Jason visibly considered—and liked— this suggestion. But glanced around. “The curtains’re open. And those reindeer are watching.”

“The reindeer are happy you’re here. And we’re on the first—sorry, I’ll try to remember to speak American—second floor. And there’re lights and snowflakes all over the windows. Could you perhaps do something with that ribbon and my wrists?”

“Sometimes you are an exhibitionist,” Jason said. “I mean, not seriously. You wouldn’t and I wouldn’t. But kinda. You like thinking about it. Me putting you on your knees in the middle of the living room, or getting you off in the men’s room after that planetarium show, my hand on your cock and my fingers in your mouth, keeping you quiet…”

“That one was your idea,” Colby protested. “I looked too happy, you said. Irresistible.”

“Like now.” Jason tugged at his jumper; Colby lifted arms so Jason could peel it off over his head. “Secretly kinky. Into the reindeer watching. Telling me to tie you up with holiday ribbon. Adorable innocent Colby Kent. No one’d ever believe it.”

“I’m not innocent.” He tried for a scowl, didn’t mean it in the least, gave up. “It’s just what people think. You know I’m not.”

“You’re you.” Jason traced a line along Colby’s collarbone and chest: down to one nipple, taut and eager. Then began playing with it: tugging, teasing, pinching. “My cream puff.”

Colby whimpered out loud, shameless and thrilled. His trousers felt tighter, arousal building.

“On your knees, like you want,” Jason said, and Colby knelt, gazing up, devout and willing.

Jason stepped away, picked up a coil of ribbon—dark red and glittering gold, slightly stiff edges for decorative shaping and bows, several inches wide—and came back. Colby watched him.

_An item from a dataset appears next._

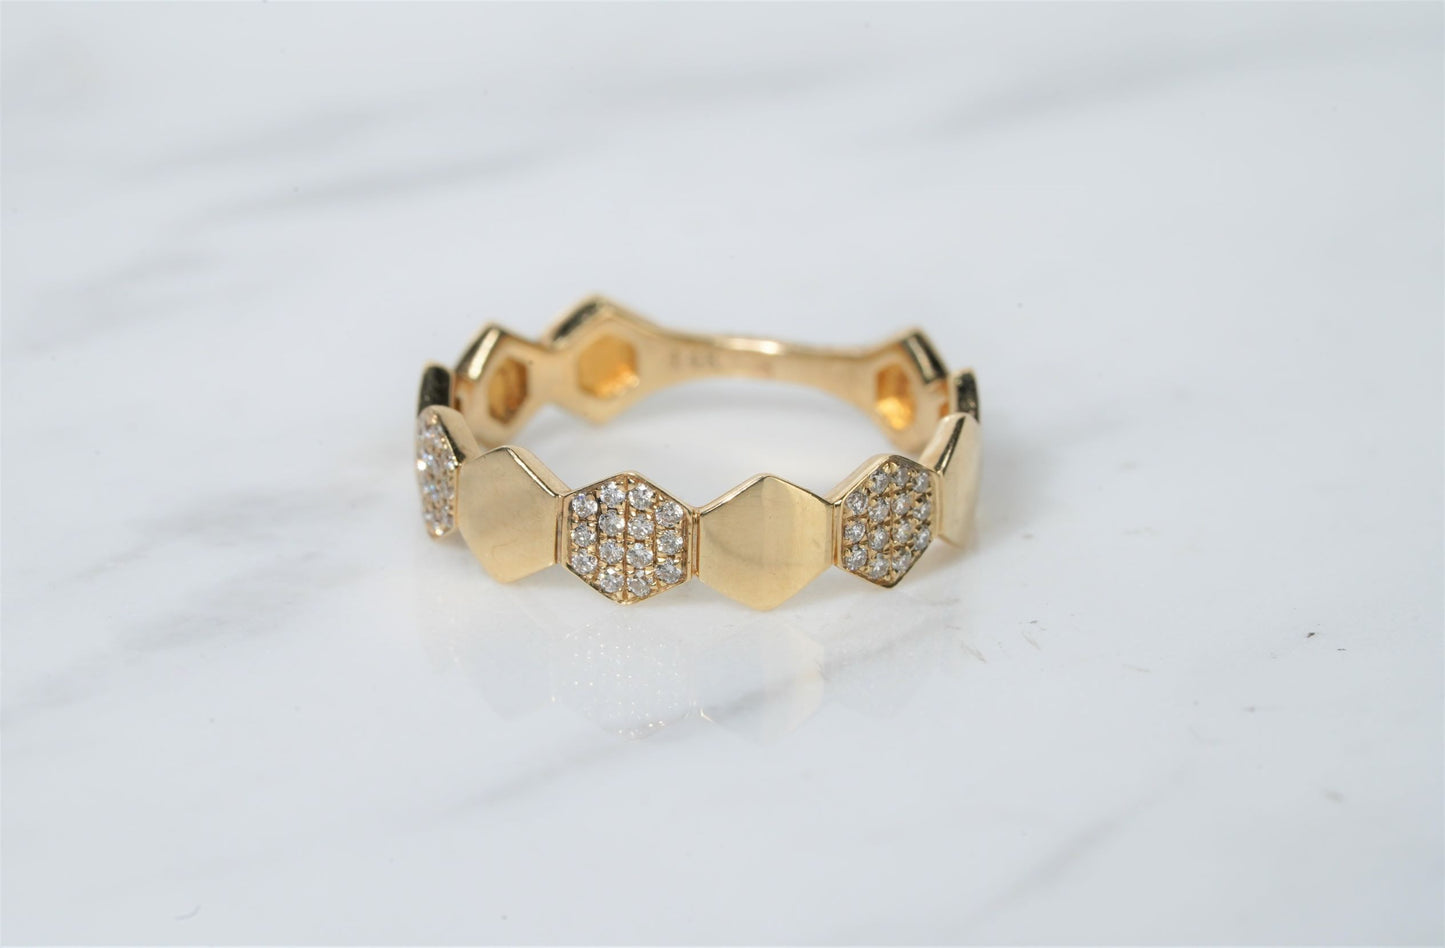 Hexagon shaped diamond ring

Jason was so beautiful. Tall and large and thoughtful, he filled up a room simply by existing: not because he had any particular need to take over or prove himself, but because he was broad and generous and a shield for others. Colby loved him and would jump in front of a runaway sleigh for him and would forever readily kneel for him, trusting Jason with everything he was.

He thought suddenly that perhaps Jason needed to know that; perhaps Jason needed some reassurance as well. Jason did a lot of taking care of him, and had hung lights and put up garlands without complaint, and now was indulging Colby’s mildly kinky fantasies, just because Colby had asked.

Jason brushed the end of the ribbon across Colby’s throat, down his bare chest, over tingling electric skin. The whisper of it quivered bone-deep.